自分が何の用事で東京に行ったのかは忘れてしまったが、スマホでたまたま、母がKG大学で学会に出ているという記事を見かけたので会いに行ってみることにした。

KG大学はかなり狭い道を左へと曲がりながら、古びた小学校の地下を抜けた先にあった。学会をしていた場所はわりと新しい校舎で、ちょうどお昼時間だったらしく、たくさんの大人たちが談笑していた。

僕は難なく母と合流し、差し向かいに座る。二言三言言葉を交わし微笑む母をみて、僕はやっと思い出した。母は死んだのだ。これは夢なんだ。

だから、ここからの彼女との会話は、少しさみしいものだった。きっと彼女ならこう応えるだろうとか、こう応えてくれたらいいのになとか、つまり僕は僕の中に居る彼女と話せただけだったから。

最近、以前よりも彼女の気配を強く感じる。それはきっと僕の死期が近いということなのだろうと思う。けれども、会うたび彼女は、お前もそろそろこっちだなとは言わない。あなたはよくやっているよ、という態度があって、僕はそれがとても嬉しい。

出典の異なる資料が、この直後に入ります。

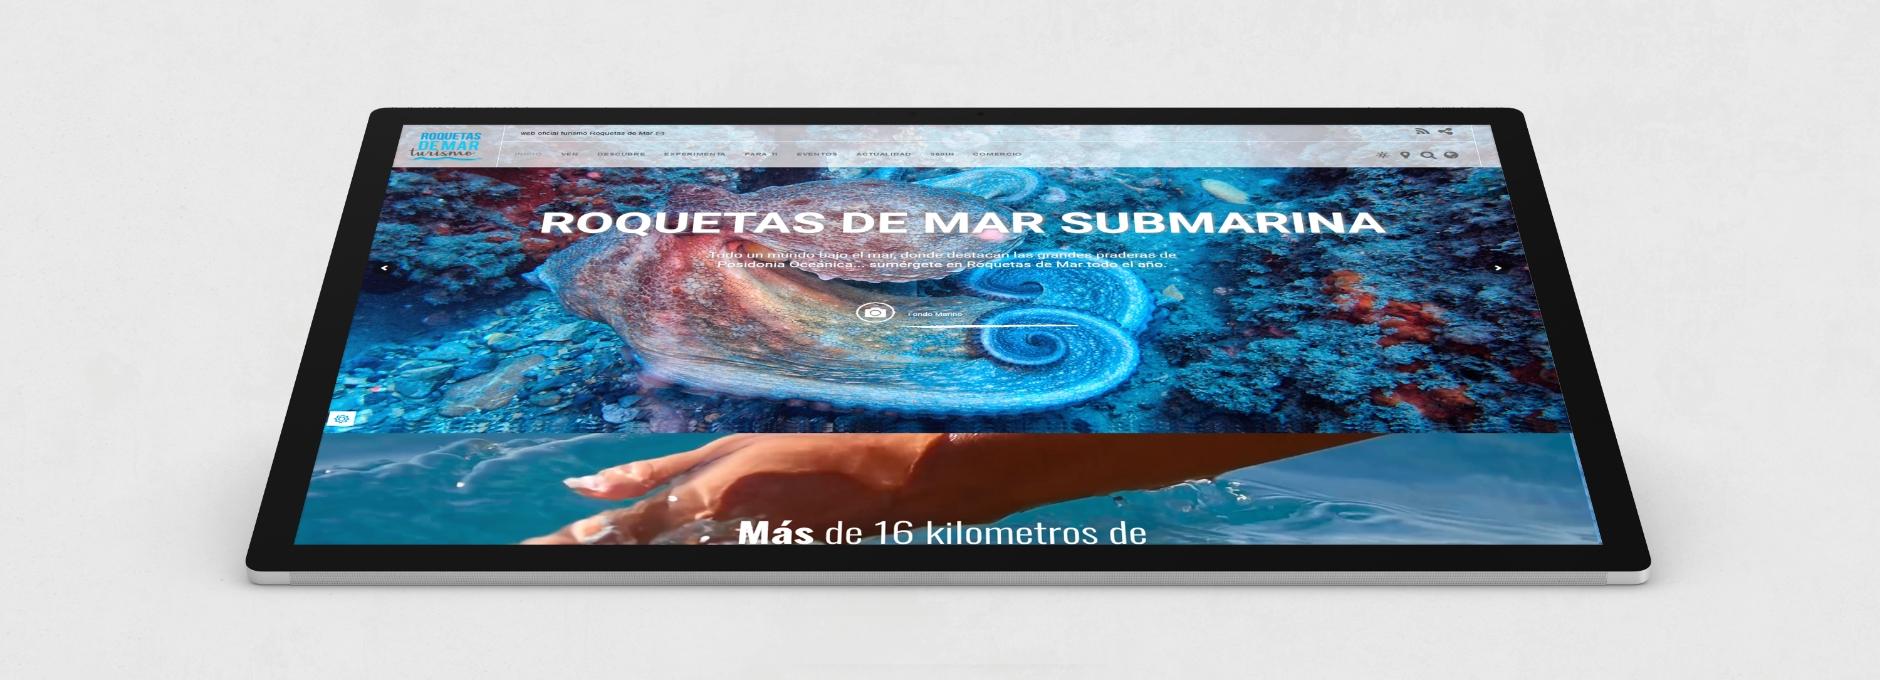 Turismo - Roquetas de Mar - Almería

きっと僕は、まだやらなくちゃいけないことがあるのだろうし、それが充分できるくらいの時間が僕には残されているのだろう。彼女はそう確信しているようで、それが僕の不安を払拭してくれる。

不思議なものだ。僕は霊魂の存在をまったく信じてなんかいないのに、彼女が僕の周囲に居て、僕の余命など僕が知らない情報を全て持っているに違いないと感じているのだ。

もちろんこれは霊魂の存在を立証するものではない。わたしたちの死者との向き合い方、日本における伝統的な祖霊信仰文化、僕の身体もまた、それにがっちりと組み込まれているということなのだろう。